Acknowledgements and Fair Use

Many hours of work have been put in this project and we gratefully acknowledge all the volunteers who have dedicated their time to contribute. If you find these data useful, please share the link to the study:

https://smallworldofwords.org

Your support to keep this project going and up-to-date is greatly appreciated!

Datafiles

Raw and processed data. For each of these languages we release the raw data, and a balanced datafile where each cue has the same number of associate responses.

Associative strength. Sometimes it’s convenient to know how many participants give a specific response to a cue. In this case, you should download the associative frequency files (i.e. the conditional probability of a response given a cue, and the number of responses might be different among cue words.). The first contains statistics based on the first response a participant gave (R1), and the second file contains all three responses (R123).

Cue and response statistics. Cue statistics provides information about which words were known, and how many responses for each cue were missing. Two files are available, one based on the first response a participant gave (R1), and a second file contains all three responses given by participant (R123). Response statistic includes response counts for tokens and types.

Mandarin Chinese Data (SWOW-ZH23)

Updated 28 March 2025

Warning: the following data are part of a manuscript currently submitted and under review. This release is therefor likely subject to change. Please check back if you decide to use these data in your work.

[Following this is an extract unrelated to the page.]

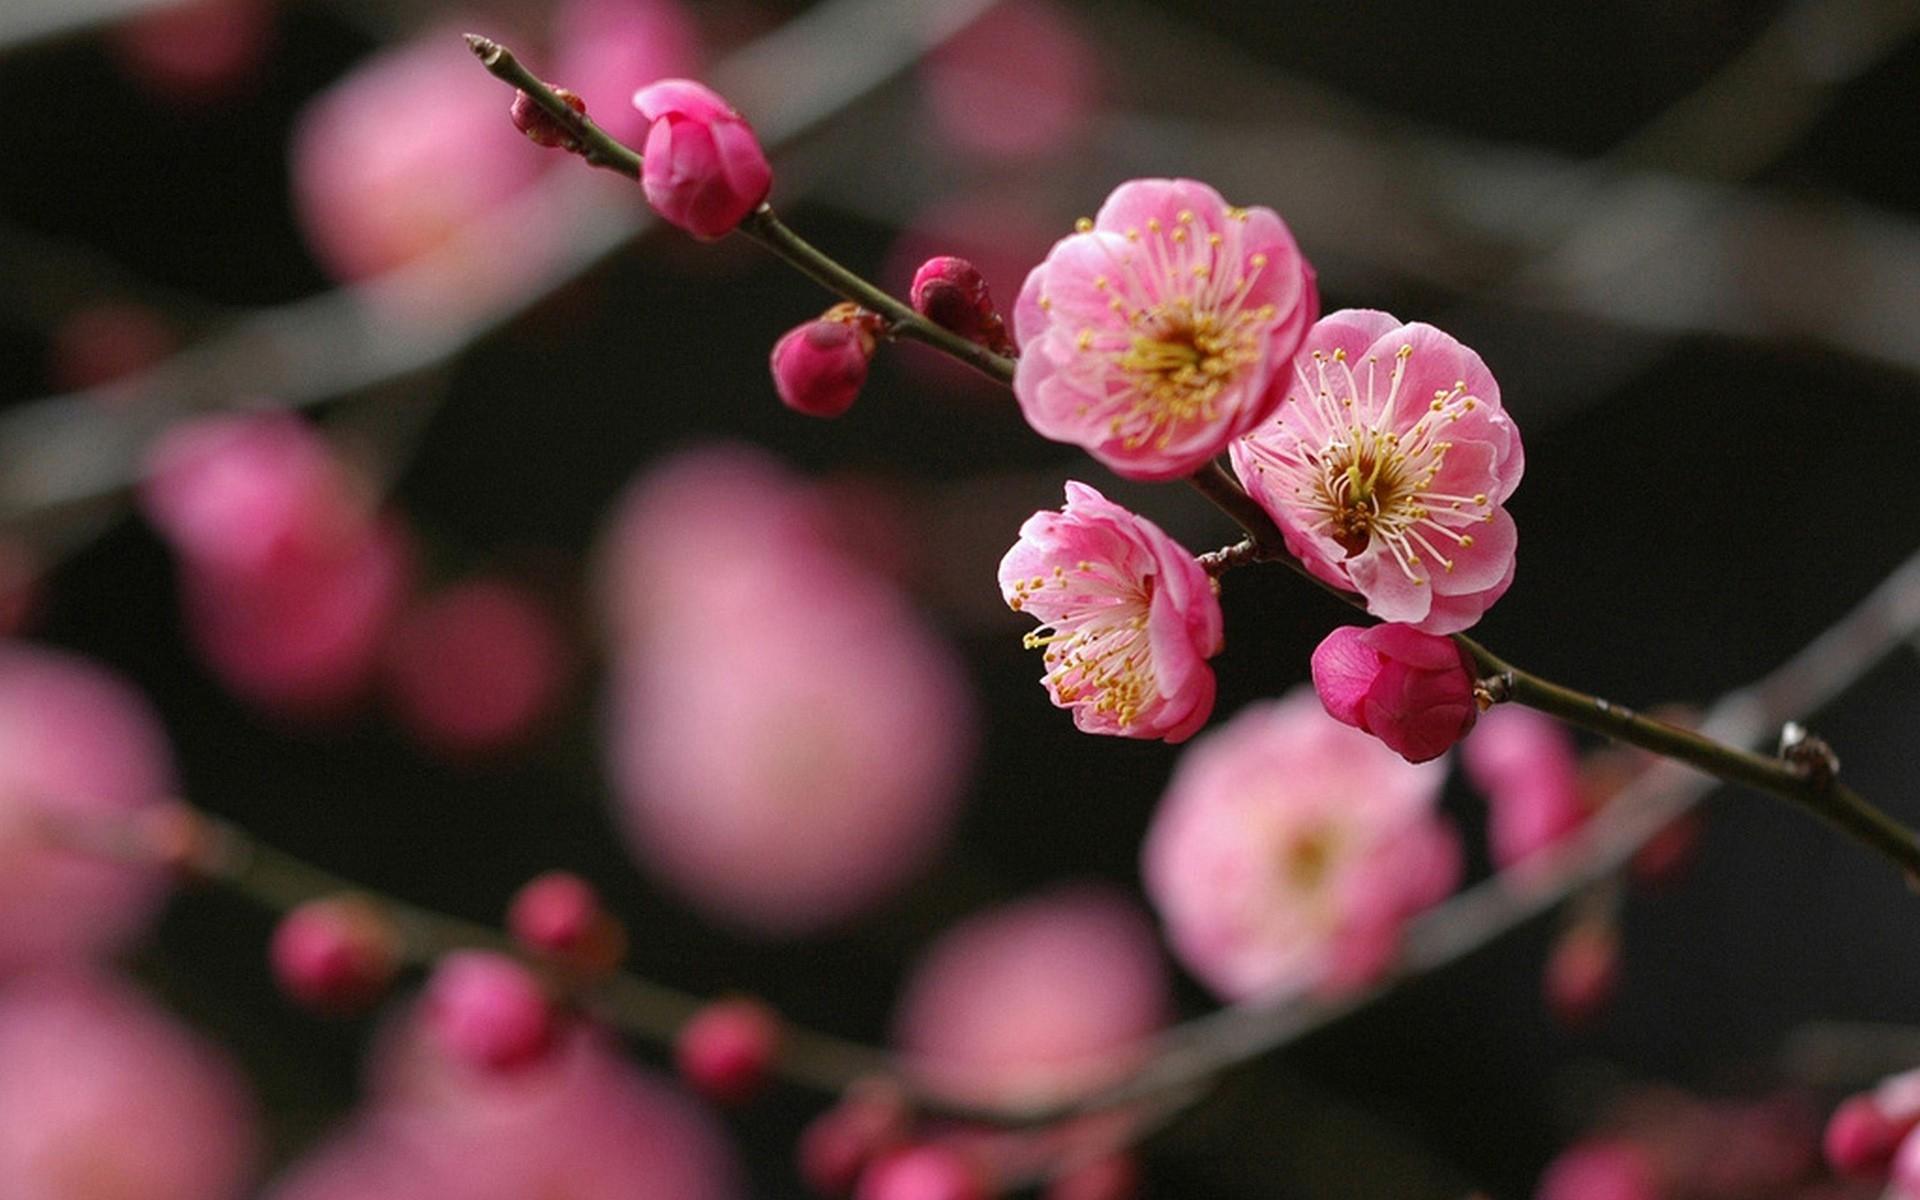 Картинки Цветок, ветка, растение, яркий, весна фото и обои на рабочий стол

Three-response associations were collected from 2016 to 2023 for 10,000 cue words, each answered by about 76 participants on average. Participants were native speakers in Mandarin Chinese or other Chinese dialects. A dataset before the word and participant cleaning are provided, where 85 taboo words in responses were masked, and 19 taboo words in cue words were deleted. Preprocessing ended up including 55 participants for each cue word. A dataset after preprocessing is provided, where containing responses for 10,024 cue words contributed by 30,504 participants, for a total of 551,320 trials. Each row of datasets is a single trial, consisting of demographic information from one participant, and his or her three responses for one cue word. Scripts in MATLAB for preprocessing can be found on the SWOW-ZH github page https://github.com/lib314a/SWOWZH and the raw and preprocessed data, cue and response statistics, and centrality measures currently under review can be found below:

SWOW-ZH23 [49Mb]

We also provide relatedness measures for word pairs based on cosine similarity for associative strength distributions, pointwise mutual information weighted distribution (PPMI), random walk vectors (RW) and compressed random walk vectors. Note that files contain pairwise entries on each row and are xz compressed to reduce file size.

Citation: Li, B., Ding, Z., De Deyne, S., & Cai, Q. (2025). A large-scale database of Mandarin Chinese word associations from the Small World of Words project. Behavior Research Methods. doi: 10.3758/s13428-024-02513-1.

Data in other languages.

For data in Spanish, English and Dutch, please see the Small World of Words research page.

Contact simon.dedeyne@unimelb.edu.au to discuss work-in-progress files in other languages.

License

The data are licensed under a Creative Commons Attribution-NonCommercial-NoDerivs 3.0 Unported License. They cannot be redistributed or used for commercial purposes.